*** EXCERPTED RECORDS ***
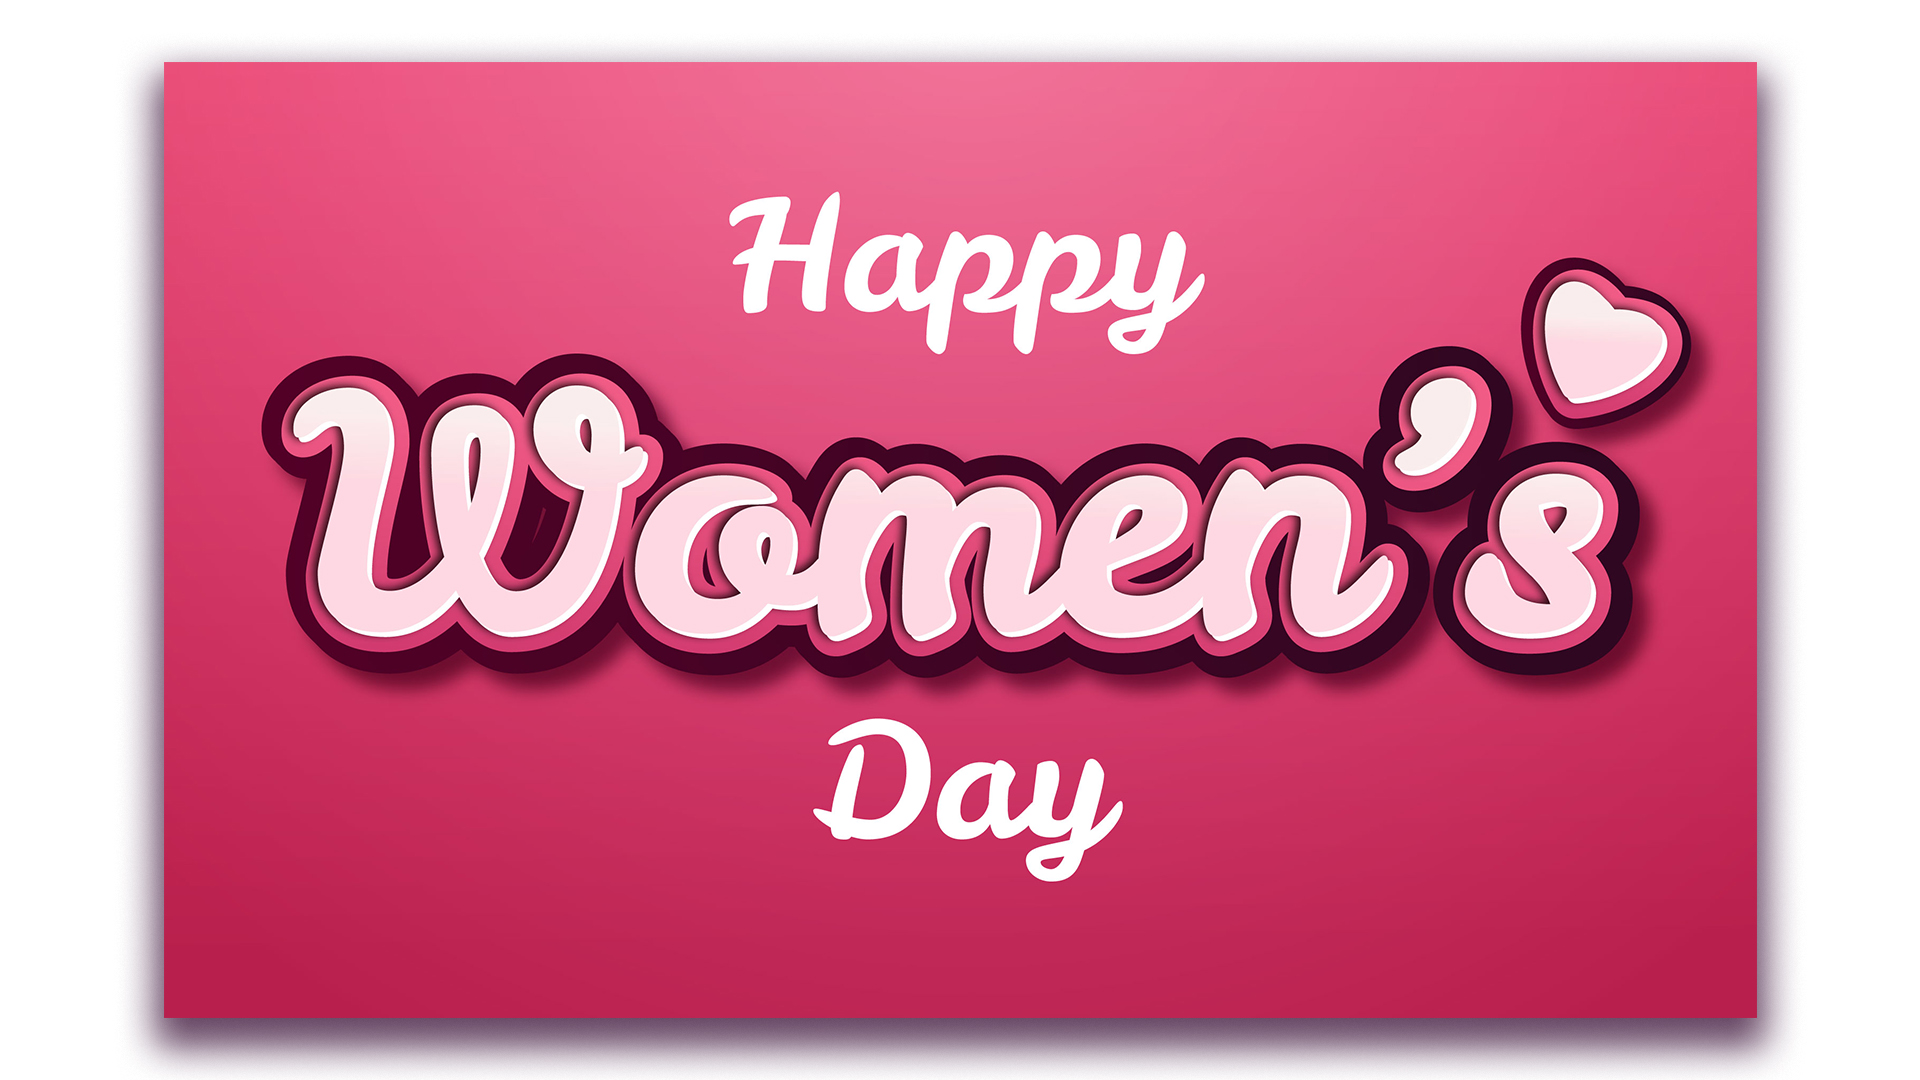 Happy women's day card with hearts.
*** End of EXCERPTED RECORDS ***
*** EXCERPTED RECORDS ***
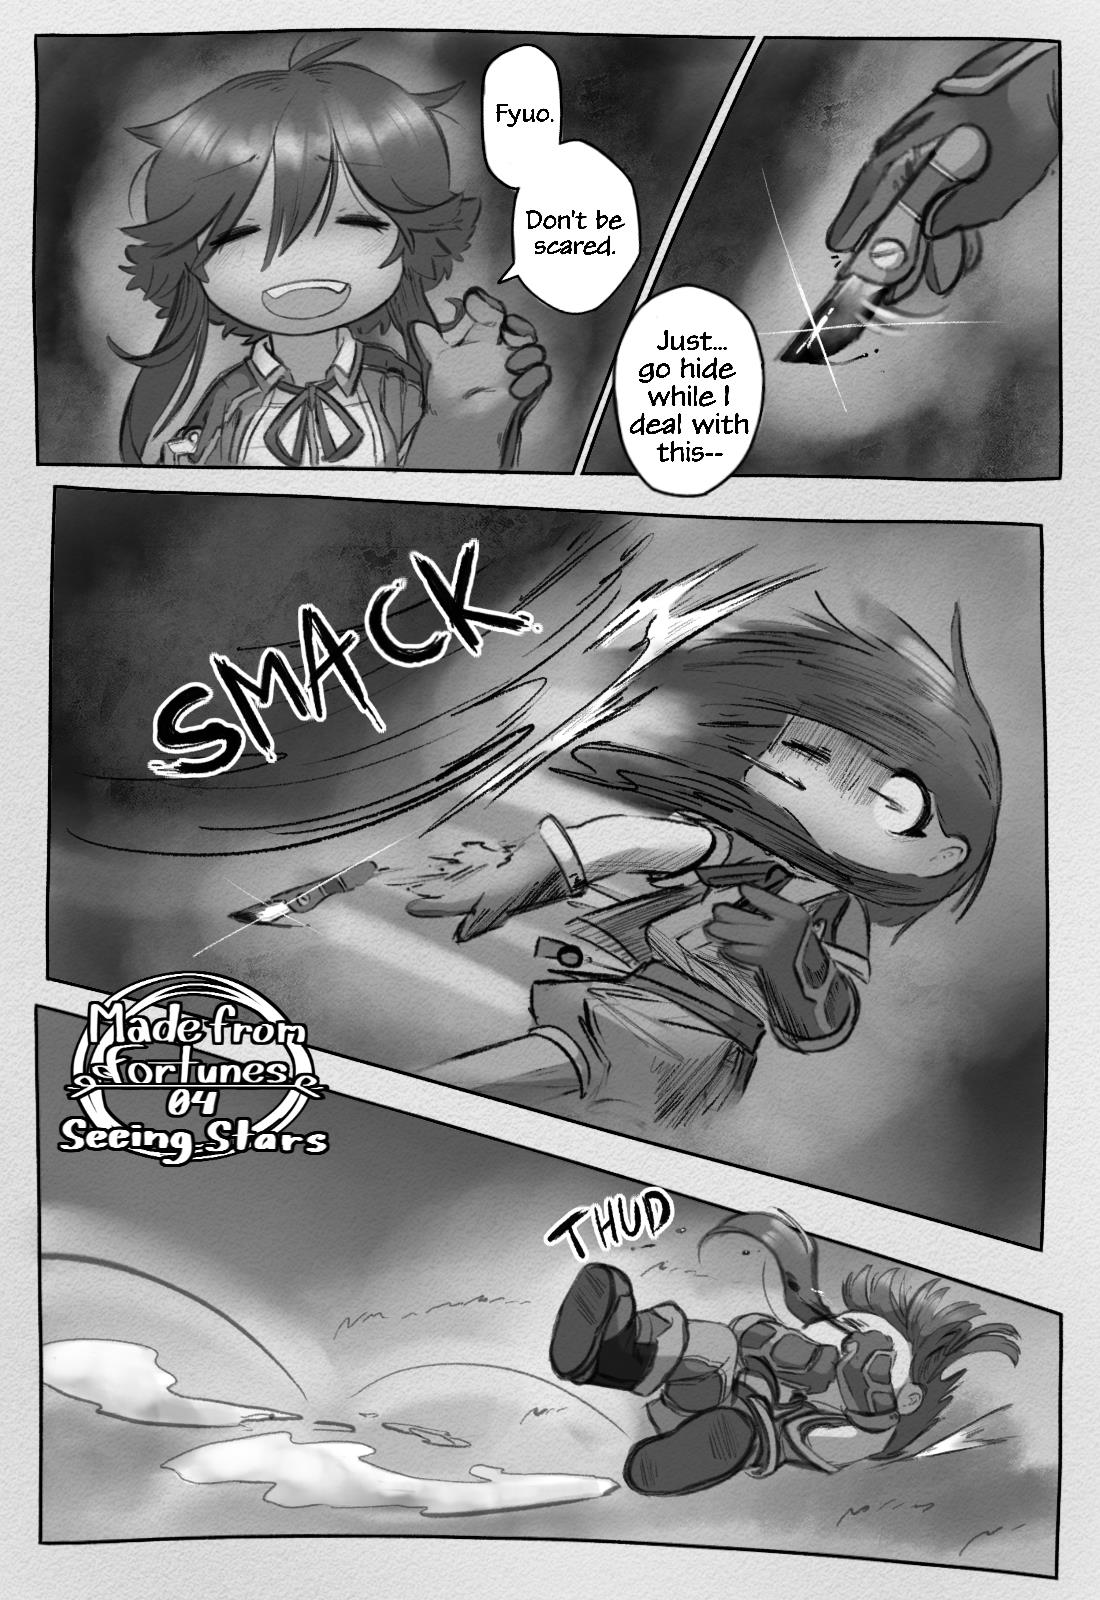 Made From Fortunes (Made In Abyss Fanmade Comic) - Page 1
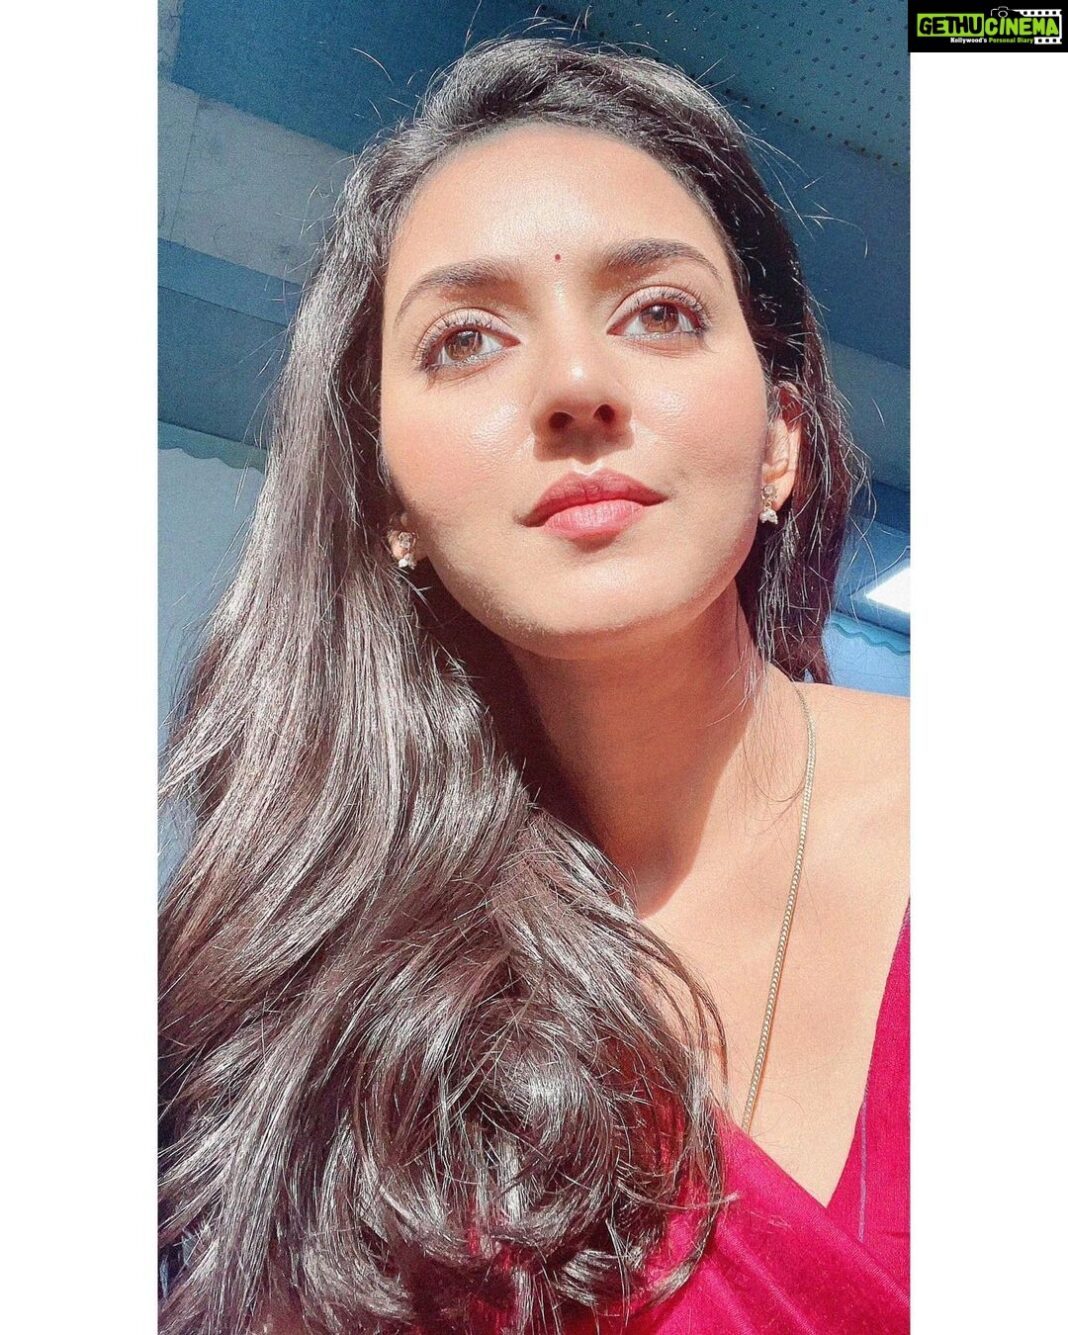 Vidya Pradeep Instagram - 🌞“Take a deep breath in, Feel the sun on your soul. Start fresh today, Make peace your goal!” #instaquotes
*** End of EXCERPTED RECORDS ***
Print from the line containing "Made From Fortunes" through the line containing "Vidya Pradeep Instagram" in the data above, exactly as the lines stand, and omit every picture.

 Made From Fortunes (Made In Abyss Fanmade Comic) - Page 1
 Vidya Pradeep Instagram - 🌞“Take a deep breath in, Feel the sun on your soul. Start fresh today, Make peace your goal!” #instaquotes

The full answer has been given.